Chat App Architecture Proposal

This is a Systems Design solution for a Chat app. We present a High Level and Low Level overview and discuss some of the main critical parts of a chat application.

Systems Design - High Level

The Low Level section contains various parts of the systems and we do a quick deep dive inside the internal components.

Systems Design - Low Level

Systems Design - High Level

Gathering System Requirements

We're designing the core communication system behind the app, which allows users to send instant messages in chat groups.

Specifically, we'll want to support:

Loading the most recent messages in a group when a user clicks on the group.
Sending and receiving messages instantly, in real time.

The system should have low latencies and high availability, catering to a few regions of roughly 20 million users. The largest groups will have as many as 50,000 users.

That being said, for the purpose of this design, we should primarily focus on latency and core functionality.

Coming Up With A Plan

We'll tackle this system by dividing it into two main sections:

Handling what happens when a Chat app loads.
Handling real-time messaging.

We can further divide the first section as follows:

Seeing all of the groups that a User is a part of.
Seeing messages in a particular group.

Persistent Storage Solution and App Load

While a large component of our design involves real-time communication, another large part of it involves retrieving data (groups, messages, etc.) at any given time when the Chat app loads. To support this, we'll need a persistent storage solution.

Specifically, we'll opt for a SQL database since we can expect this data to be structured and to be queried frequently.

Groups

We can start with a simple table that'll store every Chat app group.

{
  "id": uuid,
  "name": string,
  "description": string
}

Users

Then, think about the Users table.

{
  "id": uuid,
  "name": string,
  "email": string
}

Group Messages

We'll naturally need a table to store all historical messages sent on the Chat app. This will be our largest table, and it'll be queried every time a user fetches messages in a particular group. The API endpoint that'll interact with this table will return a paginated response, since we'll typically only want the 50 or 100 most recent messages per group.

Also, this table will only be queried when a user clicks on a group; we don't want to fetch messages for all of a user's groups on app load, since users will likely never look at most of their groups.

{
  "id": uuid,
  "group_id": uuid,
  "user_id": uuid,
  "message": string
}

Load Balancing

For all of the API calls that clients will issue on app load, including writes to our database, we're going to want to load balance.

For the sake of the MVP/Alpha version, we can have a simple round-robin load balancer, forwarding requests to a set of auto scalable server clusters that will then handle passing requests to our database.

Sharding

Since our tables will be very large, especially the historical messages table, we'll need to have some sharding in place.

The natural approach is to shard based on group size: we can have the biggest groups in their individual shards, and we can have smaller groups grouped together in other shards.

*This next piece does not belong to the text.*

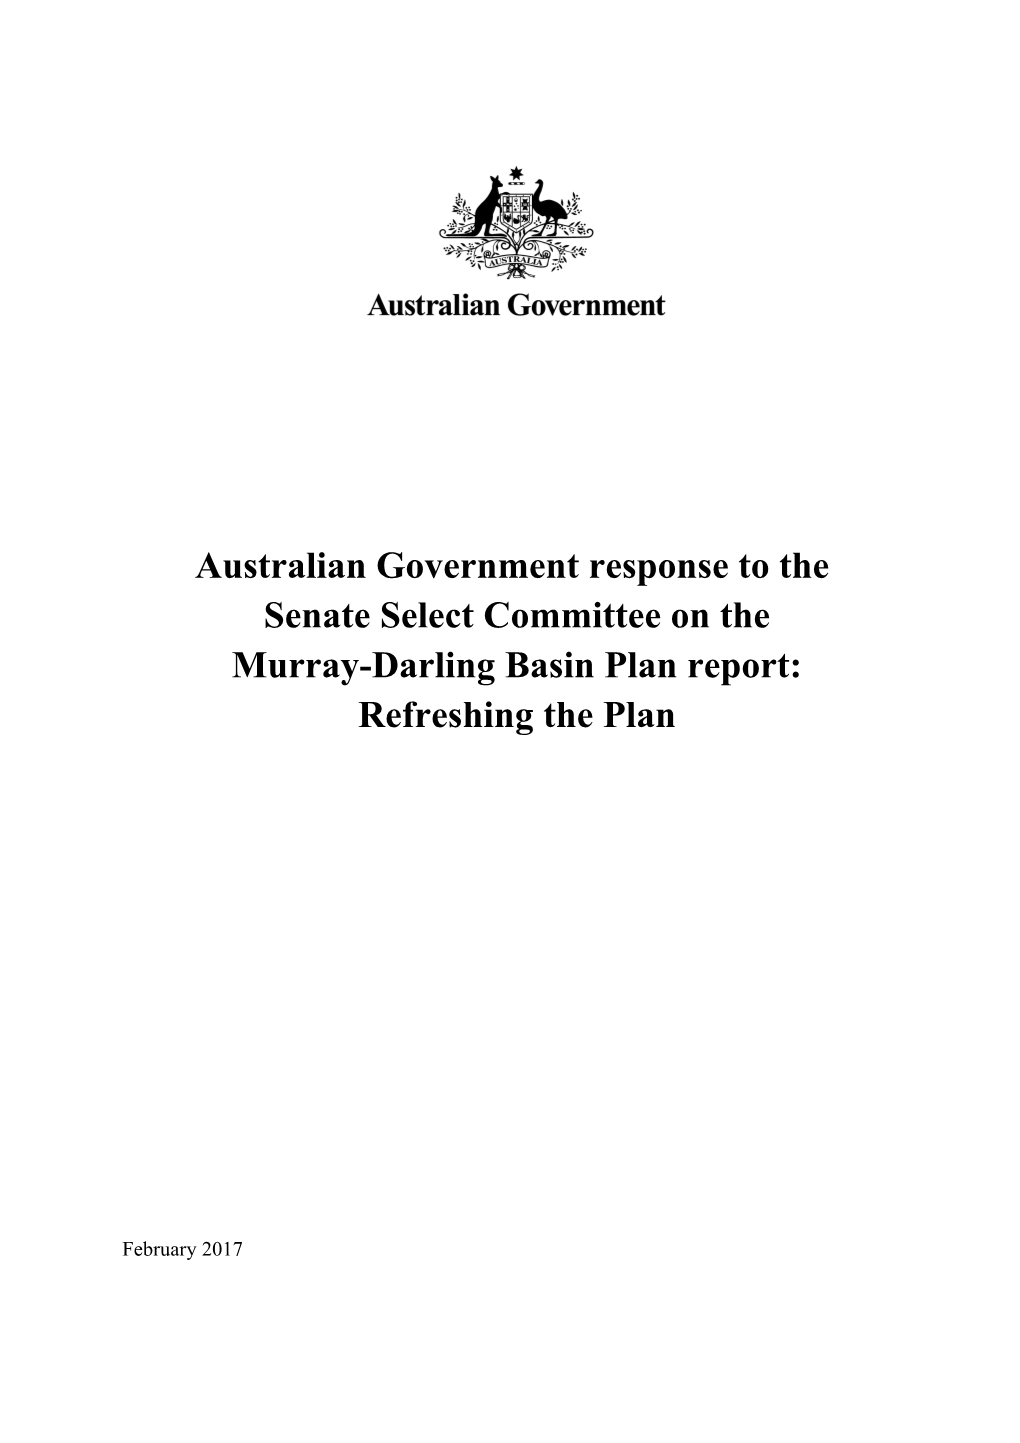 Australian Government Response to the Senate Select Committee on Themurray-Darling Basin

Pub-Sub System for Real-Time Behavior

With hundreds of messages placed every second, the messages table will be pretty massive. We'll need to figure out a robust way to actually send messages and to update our table.

We can design this part of our system with a Publish/Subscribe pattern. The idea is to use a message queue like Apache Kafka or Google Cloud Pub/Sub and to have a set of topics that user ids map to. This gives us at-least-once delivery semantics to make sure we don't miss new messages. When a user sends a message, the API server writes a row to the database and also creates a message that gets routed to a topic for that user (using hashing), notifying the topic's subscriber that there's a new message.

This gives us a guarantee that for a single user, we only have a single thread trying to send their messages at any time.

In order to have a more scalable solution that could support millions of simultaneous requests, subscribers of topics can be rings of 3 workers (clusters of servers, essentially) that use leader election to have 1 master worker do the work for the cluster (this is for our system's high availability) -- the leader grabs messages as they get pushed to the topic and executes the messages for the Users contained in the messages by calling the exchange. As mentioned above, a single Users' messages are only ever handled by the same cluster of workers, which makes our logic and our SQL queries cleaner.

As far as how many topics and clusters of workers we'll need, we can do some rough estimation. If we plan to send millions of messages per day, that comes down to about 10-100 messages per second. If we assume that the core execution logic lasts about a second, then we should have roughly 10-100 topics and clusters of workers to process messages in parallel.

~100,000 seconds per day (3600 * 24)
~1,000,000 messages per day
messages bunched in 1/3rd of the day
--> (1,000,000 / 100,000) * 3 = ~30 messages per second

Systems Design - Low Level

Gathering System Requirements

We're designing the core communication system behind the app, which allows users to send instant messages in chat groups.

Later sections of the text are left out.